The aquathermolysis process involves the reaction of an aqueous solution of a metal sulfate, such as NiSO4 or FeSO4, with heat to generate hydrogen gas. The mechanism of the catalytic aquathermolysis process includes several steps. The first is sulfate ion dissociation, which produces metal cations (Fe2+ or Ni2+) and SO4 anions. The released metal ions (Fe2+ or Ni2+) adsorb onto the surface of the oil droplets present in the aquathermolysis process and after act as a catalyst, promoting the reaction between water (H2O) and the hydrocarbons present in the oil droplets. It is important to note that the aquathermolysis process is a complex reaction system influenced by various parameters, including temperature, pressure, feed composition, and catalyst concentration. The exact mechanism may vary depending on the specific conditions and feedstock being used.

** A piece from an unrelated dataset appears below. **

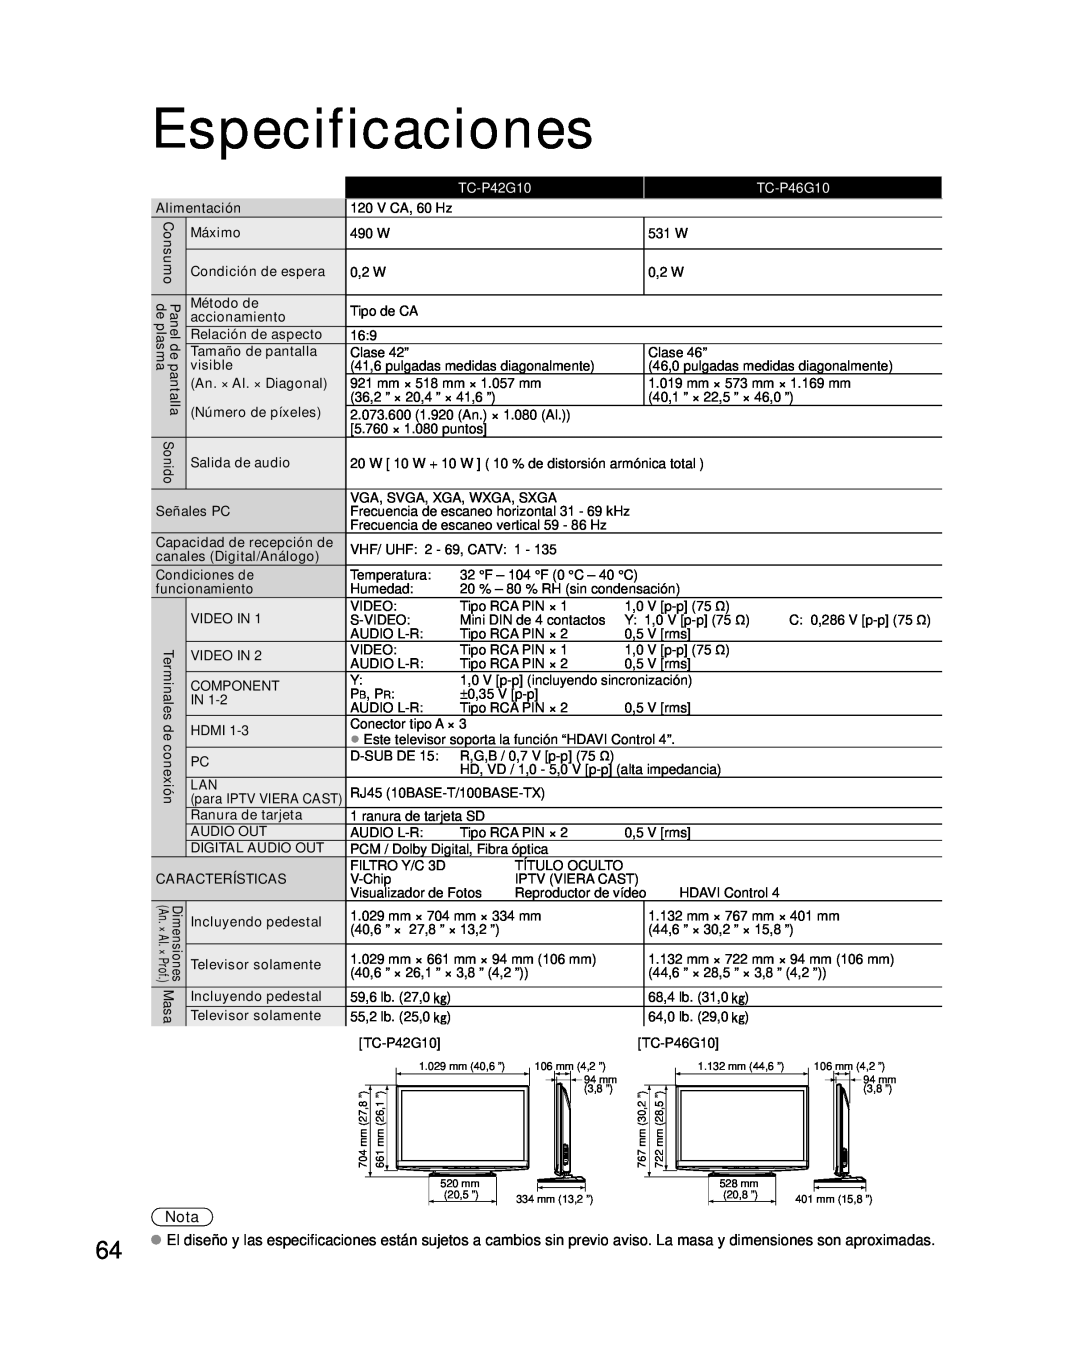 Panasonic TC-P50G10, TC-P46G10, TC-P54G10 Especificaciones, Condición de espera, Relación de aspecto, An. × Al. × Diagonal

The aim of the study is an evaluation of nickel and iron sulfates as water-soluble metal salts and their performance on the aquathermolytic upgrading of heavy oil from the Ashal’cha oil field at 300 °C for 24 h. We hope that our research will be beneficial for decision-makers in solving the problems regarding the application of water-soluble catalysts to enhance the production of heavy oil and upgrade it in situ.

2. Materials and Methods

Heavy oil samples produced from the Ashal’cha oil reservoir were the objects of research. The reservoir is located near Almetyevsk, Russian Federation. The density and dynamic viscosity of the sample under normal conditions is 0.951 g/cm3 and 3280 mPa·s, respectively. The average content of high-molecular components is about 45 %wt., and the content of sulfur can reach as high as 5 %wt.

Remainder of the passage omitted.